*** DATA SHOWN ***
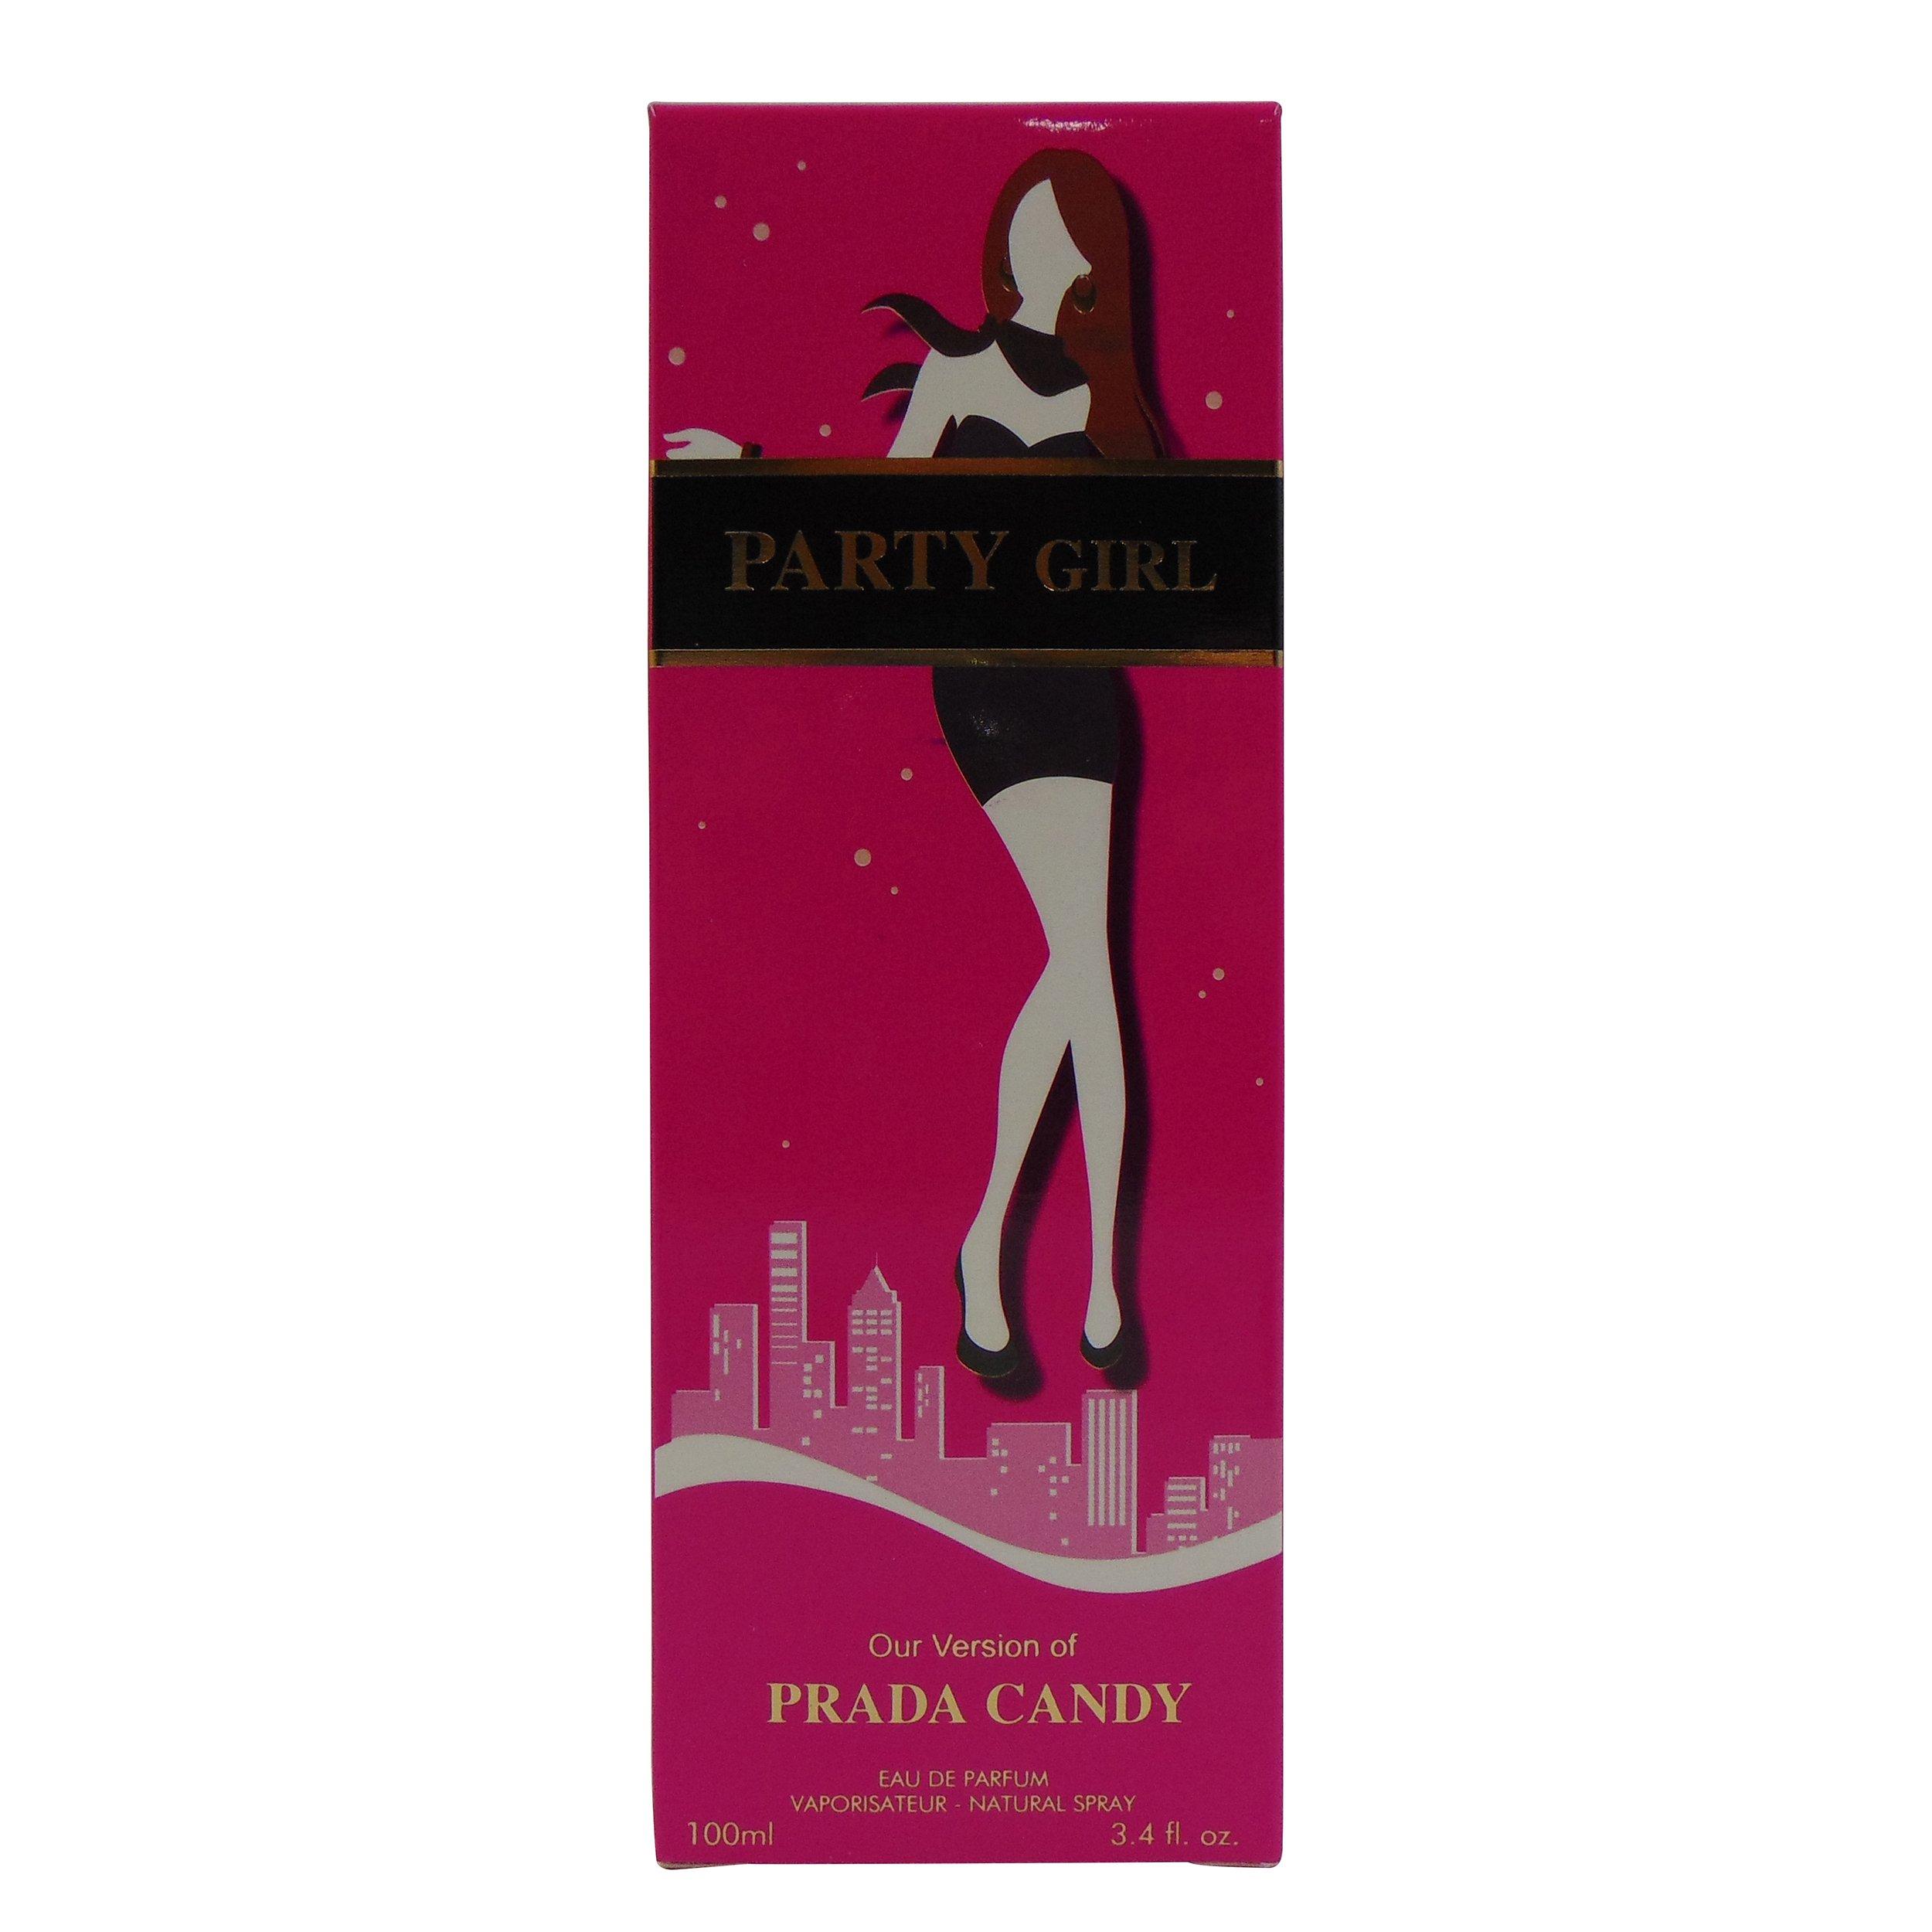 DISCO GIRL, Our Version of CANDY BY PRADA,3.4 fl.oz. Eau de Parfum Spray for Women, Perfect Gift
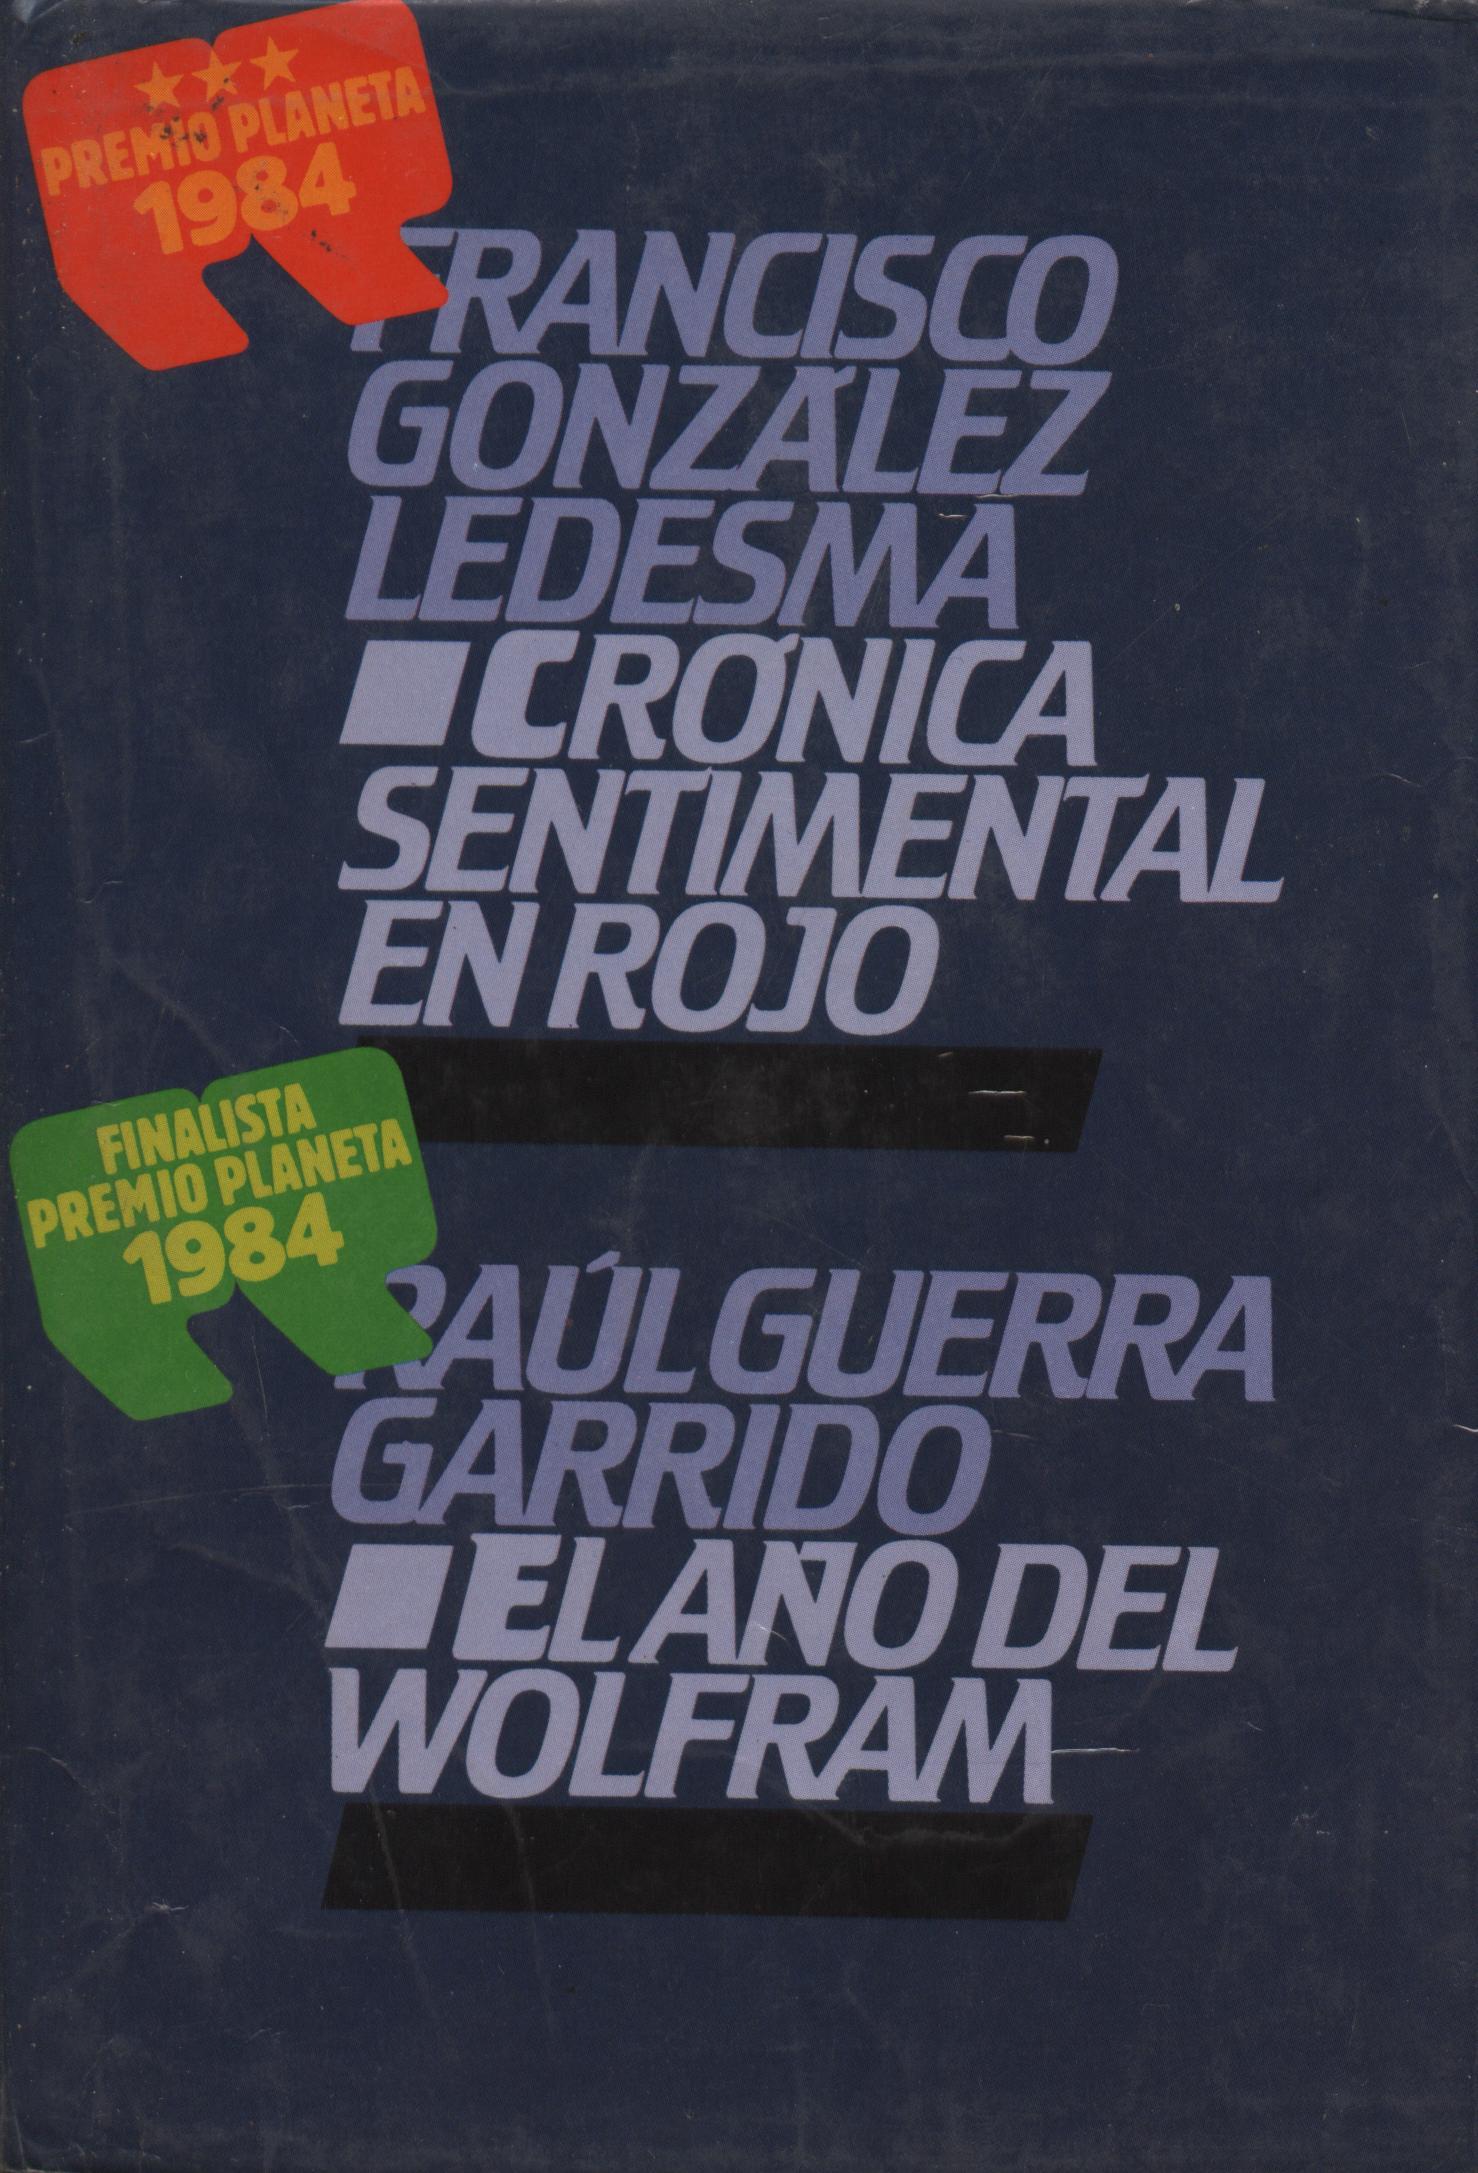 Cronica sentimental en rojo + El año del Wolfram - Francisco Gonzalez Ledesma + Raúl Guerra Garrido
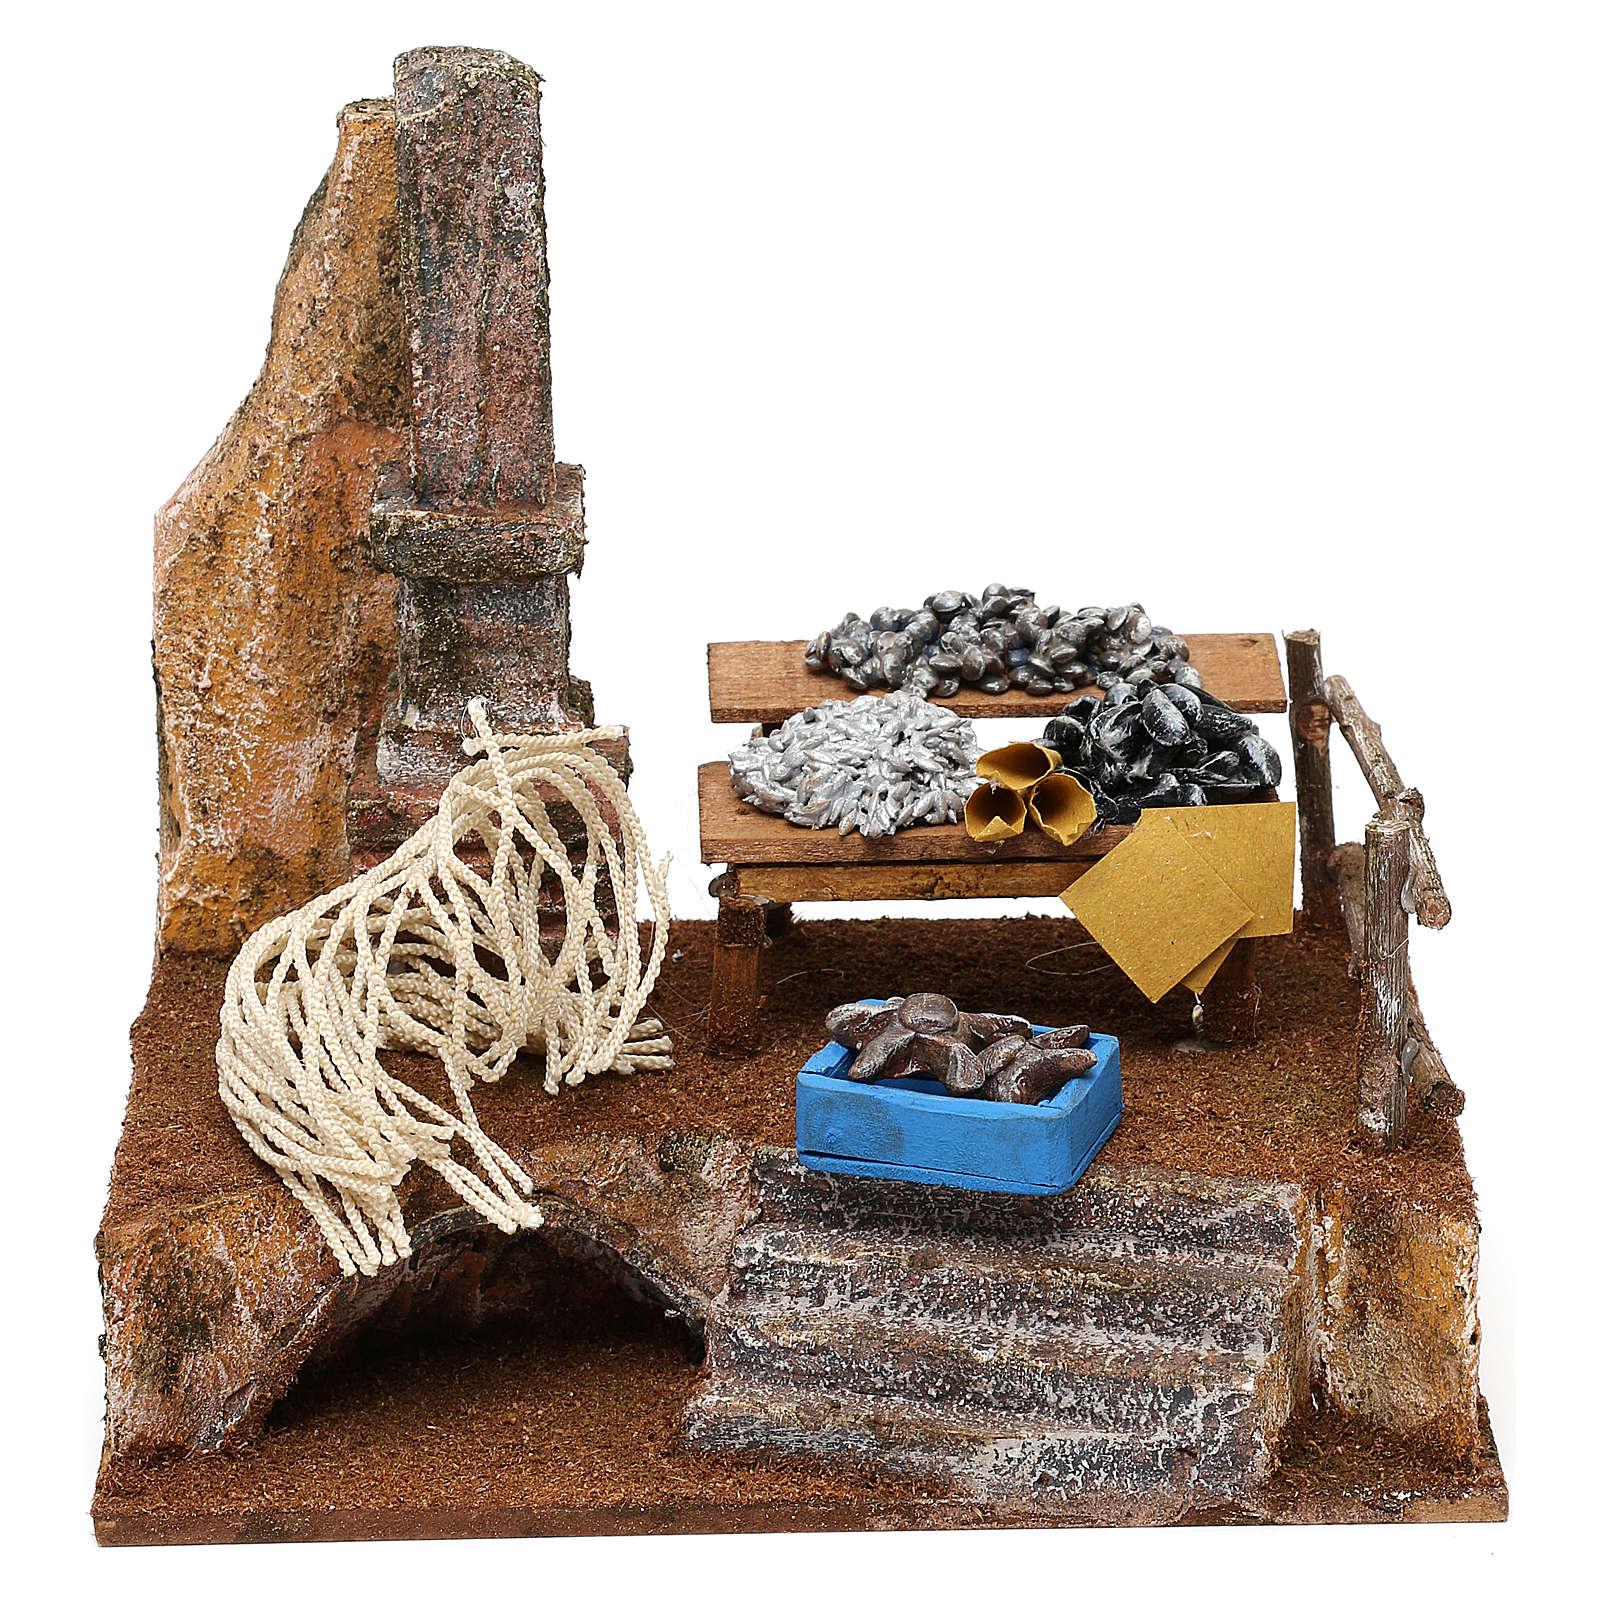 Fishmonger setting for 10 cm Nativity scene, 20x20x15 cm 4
*** End of DATA SHOWN ***
TASK PROMPT:
Your answer must be an exact copy of the lines above, from the line that contains "Cronica sentimental en" through the final line, with no pictures in it.

EXERCISE RESULT:
 Cronica sentimental en rojo + El año del Wolfram - Francisco Gonzalez Ledesma + Raúl Guerra Garrido
 Fishmonger setting for 10 cm Nativity scene, 20x20x15 cm 4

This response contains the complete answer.